Reusable prompt
Analyze data with assumptions, method, findings, caveats, and next actions.
Task type: Data Analysis
Objective: Analyze data with assumptions, method, findings, caveats, and next actions.
Context:
- [Project, product, or topic]: [Project, product, or topic]
- [Audience and situation]: [Audience and situation]
- [Constraints, must-haves, and things to avoid]: [Constraints, must-haves, and things to avoid]
Inputs to provide:
[Paste source material here]
Expected output:
1. Data quality notes
2. Method
3. Findings
4. Caveats
5. Recommended actions
Quality bar:
- Be specific and avoid generic advice.
- State assumptions explicitly.
- Prefer actionable next steps over broad theory.
- If important information is missing, ask up to 3 clarifying questions before answering.
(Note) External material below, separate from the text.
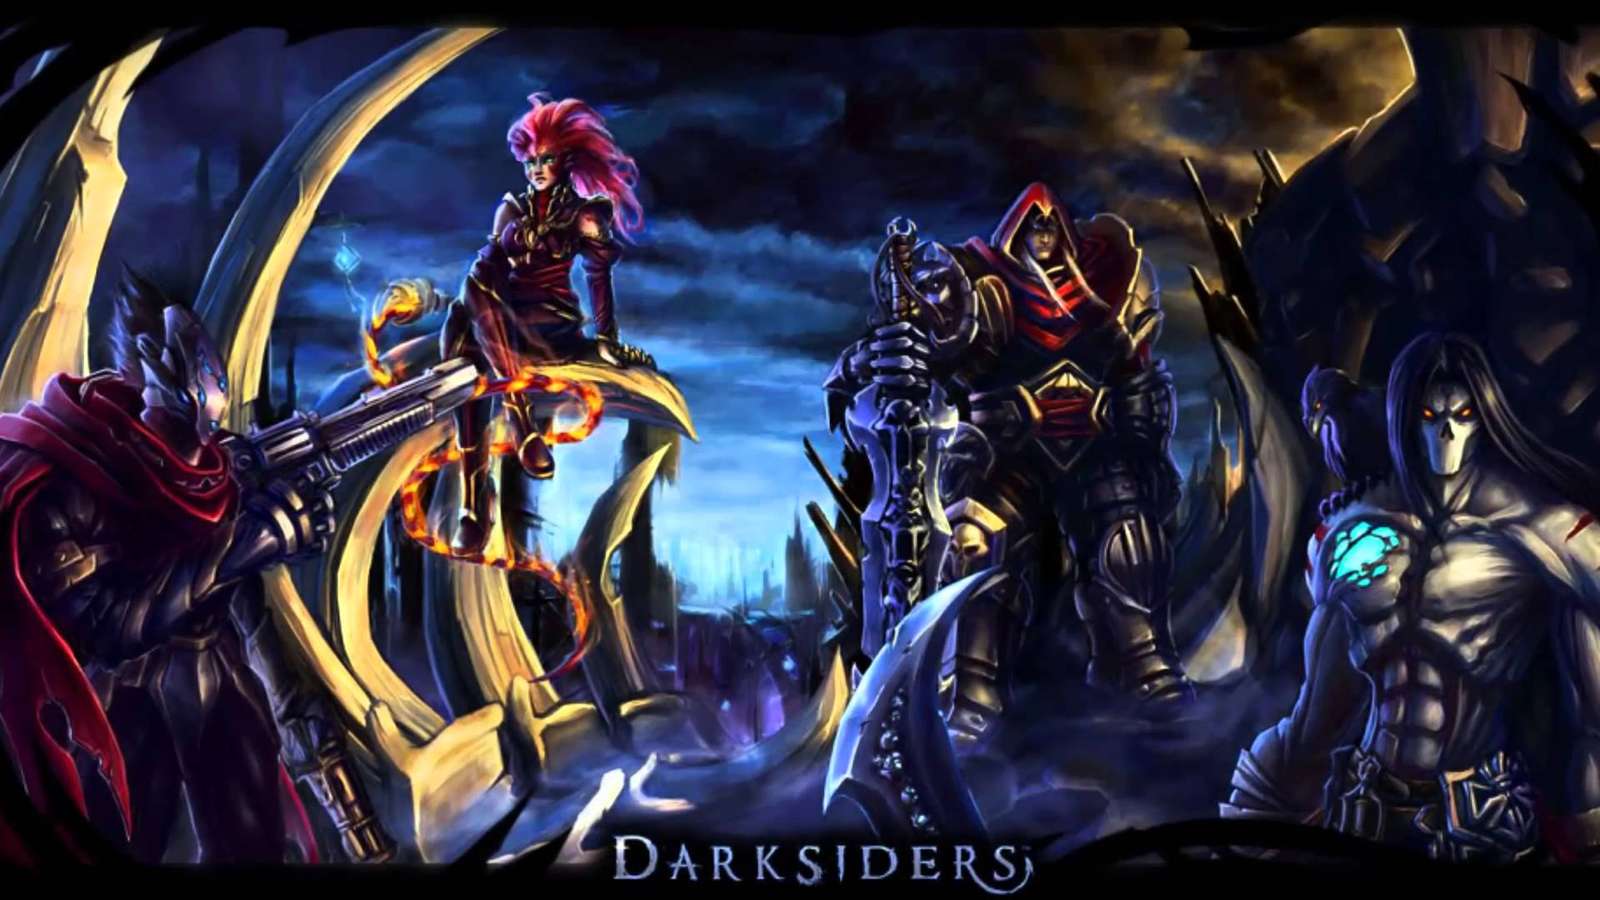 Darksiders - 4 lovas kirakós online

- For time-sensitive or factual claims, label what is known, inferred, and needs verification.
Worked example
The example below fills the same prompt for a realistic Data & BI scenario. It is intentionally modest: the goal is to show how the prompt behaves, not to pretend one template solves every Data & BI problem.
Task type: Data Analysis
Objective: Analyze data with assumptions, method, findings, caveats, and next actions.
Context:
- [Project, product, or topic]: A real Data & BI task using the Data Analysis prompt
- [Audience and situation]: A teammate who needs a useful answer and clear next steps
- [Constraints, must-haves, and things to avoid]: Be specific, state assumptions, avoid unsupported claims, and keep the output easy to act on.
Inputs to provide:
Sample material: The team needs help with Data Analysis. The current situation is messy, the goal is clear enough to start, and the answer should separate facts, assumptions, risks, and next actions.
Expected output:
1. Data quality notes
2. Method
3. Findings
4. Caveats
5. Recommended actions
Quality bar:
- Be specific and avoid generic advice.
- State assumptions explicitly.
- Prefer actionable next steps over broad theory.
- If important information is missing, ask up to 3 clarifying questions before answering.
- For time-sensitive or factual claims, label what is known, inferred, and needs verification.
How to use this prompt
- Replace the placeholders with the actual Data Analysis task, audience, source material, and constraints.
- Keep the requested output sections unless you have a strong reason to remove one; they are there to make the AI answer easier to evaluate.
- Paste the finished prompt into your AI assistant, then ask one follow-up question that tests assumptions or missing evidence.
What a good answer should contain
- 1. Data quality notesUse this section to make the answer concrete: Data quality notes.
- 2. MethodUse this section to make the answer concrete: Method.
- 3. FindingsUse this section to make the answer concrete: Findings.
- 4. CaveatsUse this section to make the answer concrete: Caveats.
- 5. Recommended actionsUse this section to make the answer concrete: Recommended actions.
Why this prompt works
- Data Analysis starts with an explicit task type and objective, which reduces vague answers.
- It asks for context, source material, and constraints before the model writes the final response.
- The 5 output sections make the answer scannable and easier to compare across attempts.
- The quality bar tells the assistant to ask clarifying questions and mark claims that need verification.
Common mistakes to avoid
- Leaving placeholders untouched and expecting the model to infer the missing context.
- Removing the output structure, then asking for a final answer that is hard to review.
- Using the prompt for time-sensitive facts without checking sources or dates.